1

— Пап, тебя надолго?.. — Марина перехватила взгляд отца и осеклась. — Ты надолго приехал?

Этот вопрос мучил ее со вчерашнего утра, с того самого момента, как она услышала в трубке телефона внутренней связи короткое отцовское: «Завтра встречай». Отец заезжал раз в год на час-два, обычно в начале зимы, когда отпускали, тем неожиданней был его приезд сейчас — в разгар лета. Там, наверняка, основные работы — сенокос, уборочная или что-то вроде того, о чем отец никогда не говорил, да и городские жители не очень-то этим интересовались. Поэтому столь несвоевременный визит Марину больше напугал, чем обрадовал.

— Да уж спрашивала бы напрямую, — улыбнулся отец, — насколько выпустили. Сутки дали.

— Что случилось? — Марина невольно перешла на шепот, покосилась на телефон и, на всякий случай, накрыла его кухонным полотенцем, которым только что смахивала со стола невидимые крошки.

— Срок загородной реабилитации заканчивается, — усмехнулся отец. — Можешь поздравить: срезали немного. Встал на путь исправления. Дали сутки вольницы, чтобы городскую социализацию пройти.

— По обязательной программе? — уточнила Марина.

— Ну а по какой же?! C моей статьей только обязательная. Так что надо будет срочно у домоуправа отметиться.

— Он с десяти принимает, — Марина выдохнула с некоторым облегчением. Отец, вроде, в самом деле переменился. — Есть еще время.

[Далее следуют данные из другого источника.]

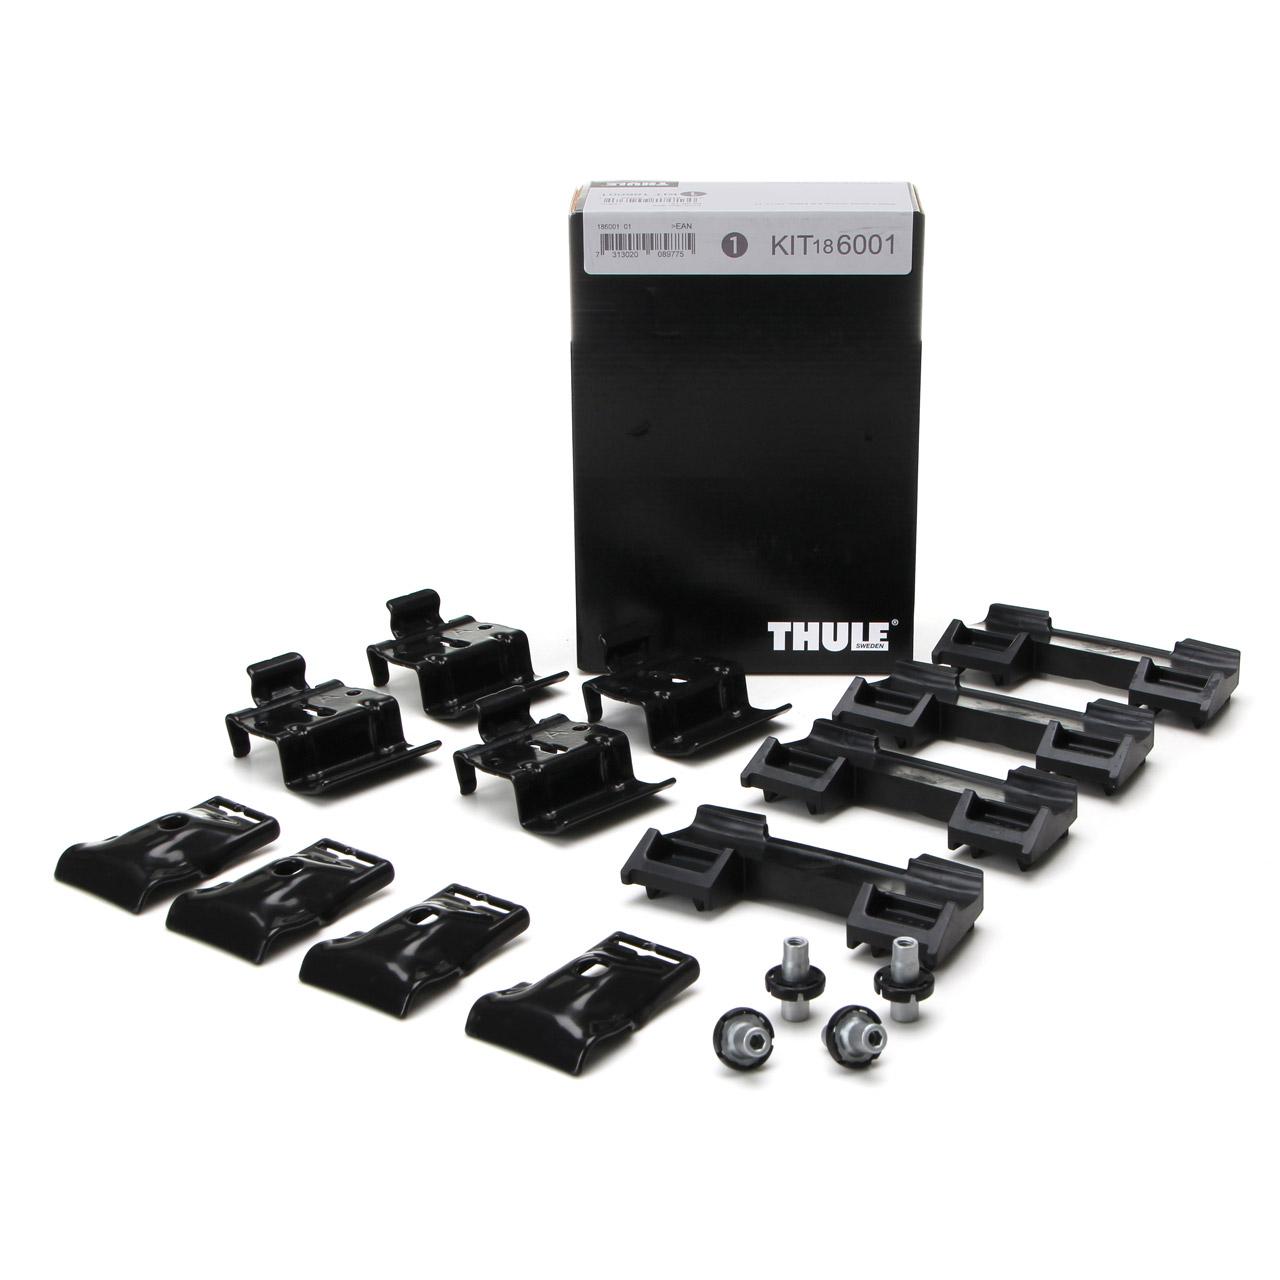 THULE 6001 Montagesatz Montagekit Dachträger Evo Flush BMW 5er F11 G31 Touring
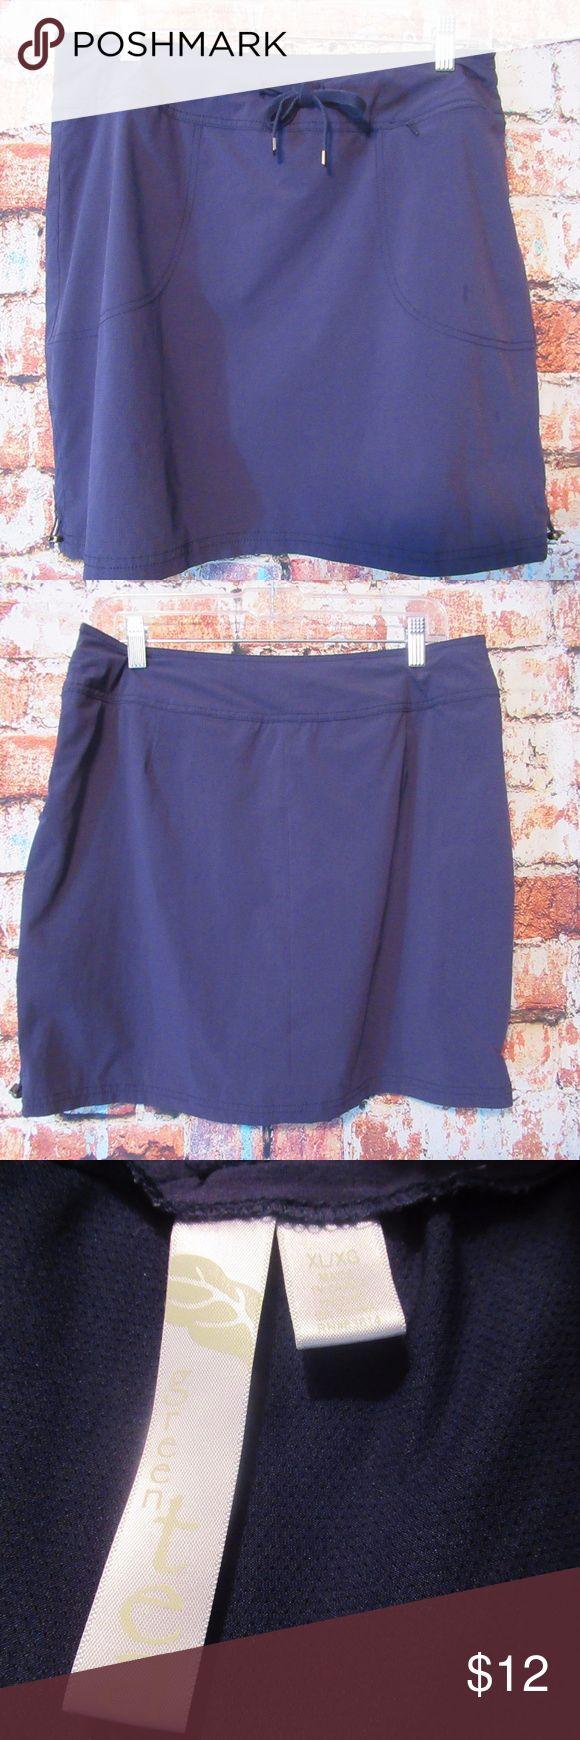 Green Tea Blue Women's Tie Front Skorts Size XL Excellent pre-owned skorts b…

Она зачем-то подошла к окну и выглянула на улицу. Ничего странного или подозрительного Марина не заметила: у подъезда никто не околачивался, прохожих по нынешней жаре, а пекло этим летом, на удивление, вторую неделю и с раннего утра, было мало, да и те не шли, а почти бежали, чтобы как можно скорей миновать этот прожигаемый солнцем голый участок проспекта. Марину слегка смутила пара работяг в синих спецовках на крыше соседнего дома. Ей показалось, что они слишком долго курят, да еще и поглядывают в их сторону. Но когда увидела, что один из них, обвязанный веревкой, стал спускаться по стене, успокоилась. На уровне пятого этажа висела поблекшая кумачовая растяжка «Обеспечим самостоятельность!». На последнем квартальном собрании Марина сама вместе с остальными квартировладельцами голосовала за то, чтобы поменять этот лозунг дня, продержавшийся больше года, на более актуальный. Тогда много спорили. Вариантов было несколько: домоуправ предлагал, нажимая на то, что там рекомендовано, «Россия — вперед!», кто-то из активистов — со ссылкой на международное положение — подкинул «Вместе победим!», но остановились на «Вместе мы — сила!» Почти месяц ушел на утверждение этого варианта в районе: там следили, чтобы наглядная агитация в кварталах не дублировалась. Потом еще месяц — как положено по закону о равной конкуренции — на конкурсные процедуры. И вот наконец-то — собрание было еще по весне — напротив должен появиться новый ободряющий призыв.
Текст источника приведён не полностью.